Saturday, September 26, 2009

oddbeautiful

I don’t usually cover that sad vale of tears we know and love as reality; indeed I do my best to avoid the bloody place/state like the plague. I love the abstract. One day I hope to retire there, to a fractured cluttered bungalow on Alzheimer’s Lane.

These following images, however, are of that realm…and some other place inside someone’s mind - conterminously. I took them on a mobile phone, so the quality is not great. I make absolutely no apologies for their size; in fact I wish that I’d had a better camera with more pixels. If you can’t see them properly, then click to view them on their own, or save them with a right click and zoom in with your chosen image viewer.

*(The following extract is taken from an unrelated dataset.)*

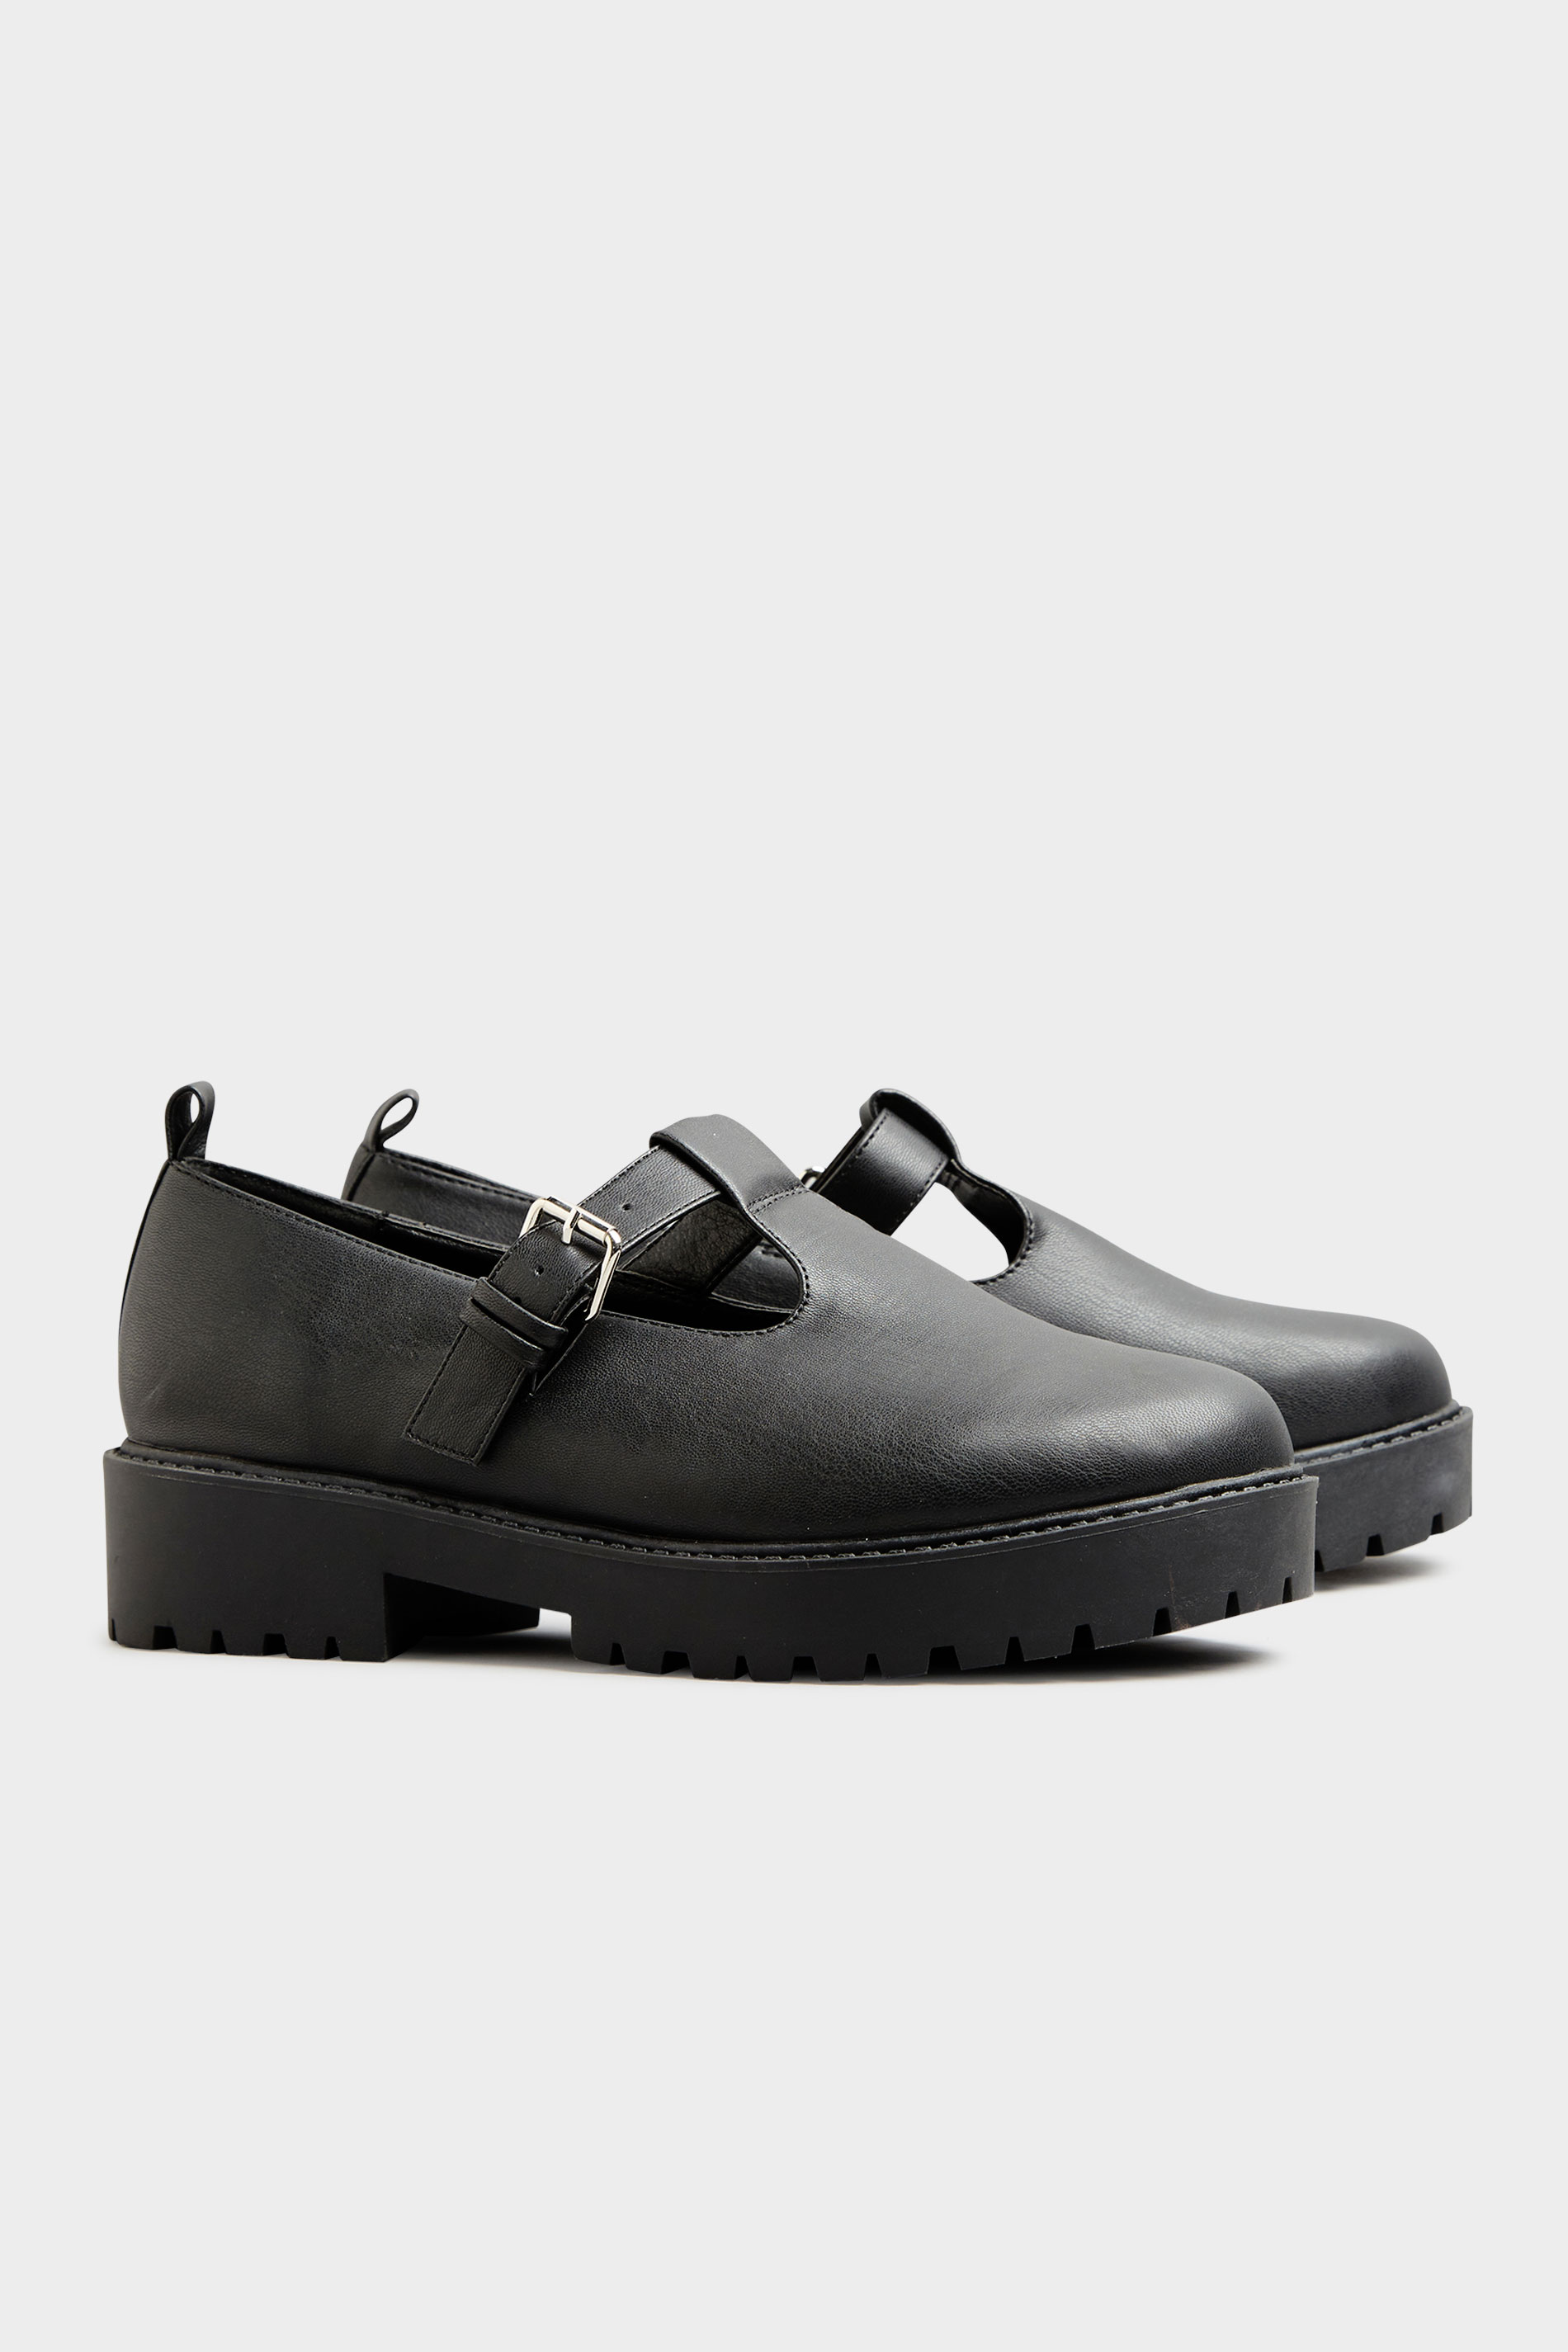 LIMITED COLLECTION Black Mary Janes In Extra Wide EEE Fit_C.jpg

This was once the Havelock Hotel in sunny Sunderland. Passing through one day, I spotted its demolition-in-progress. I’m glad that I did. I made a cursory search on the net to see if anyone else had caught this moment, but it seems not. I ought not to keep these to myself. They are truly oddbeautiful.

Inside the Havelock1

 I don’t know whether it was a shabby B&B, or a bail hostel, or something worse before it closed, but whoever occupied these half-rooms above and below left his or her mark. It’s odd because it was an insane ranting jumble that hadn’t ever been painted or papered over. Beautiful because it was only revealed to the daylight (and my mobile’s camera sensor) for a short while. Fanciful, I know, but I saw parallels between the half-wrecked state of the building, and the psyche of the unknown author.

Inside the Havelock2

Like I said, these may only exist here, and in some demolition company's records. Probably not though. The chance image is almost universal in these days of the dea( r )th of the word. I just couldn’t keep them to myself any longer. I wonder what was on the walls already taken down, what it was like to stand in those rooms, and how it felt to write those words.

Friday, September 25, 2009

The Birds Eye Mystery Fish Fillet Adventure

My mam (not mum – I’m an unashamed barbarian, and I storm from the north) gives me food parcels regularly. I do not discourage this; she likes to look after her children, and I like to eat. Sometimes these care packages contain surprises. These are often pleasant - like the Cherry Bakewells that I foolishly wasted in the previous post; and sometimes not - salad cream (that I quietly use as tile grout) comes to mind.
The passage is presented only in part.